A number of languages that vaguely resemble, but are not in fact, C,
allow this. What they do depends on the language.
Note that gcc by default implements a language almost but not entirely
unlike C
and you have to tell it to use "-std=c89" (or "-ansi" in
older versions of gcc), or "-std=c99" for C99, and "-pedantic", to
get it to implement Standard C.
Note that:
void **x = ...
... x[1] ...
is very different from:
void *x = ...
... x[1] ...
The former actually means something in C, provided "x" points to the
first of at least two objects of type "void *". For instance, consider
the following somewhat silly code fragment:
int a;
double b;
struct S { char *p; char *q; } c;
void *three_void_stars[3] = { &a, &b, &c };
void **x = three_void_stars;
void *pick(int i) {
return x
;
}
A call to pick() at this point is valid if it supplies an argument
between 0 and 2 inclusive. The value returned is &a, &b, or &c
(converted to "void *"), correspondingly.
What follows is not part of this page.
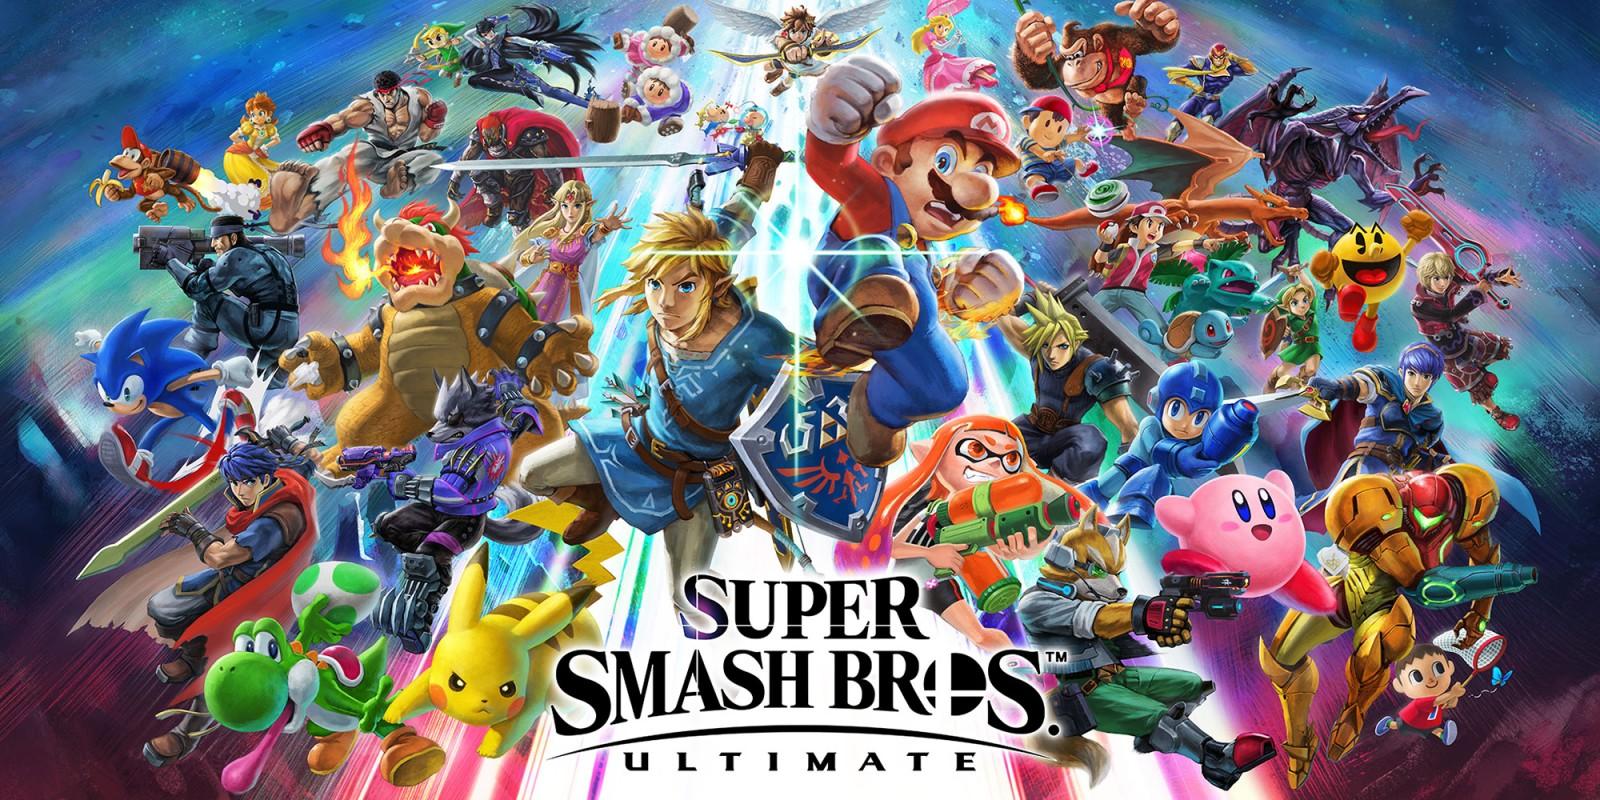 Для Super Smash Bros. Ultimate выйдет обновление 2.0.2

Thus, we can finish this
code off with:
#include <stdio.h>
int main(int argc, char **argv) {
int *ip;
double *dp;
ip = pick(0);
*ip = 42;
dp = pick(1);
*dp = 4.2;
if (argc > 1)
printf("pick(1): %f\n", *(double *)pick(1));
else
printf("pick(0): %d\n", *(int *)pick(0));
return 0;
}
This program is quite useless, but its output is well-defined.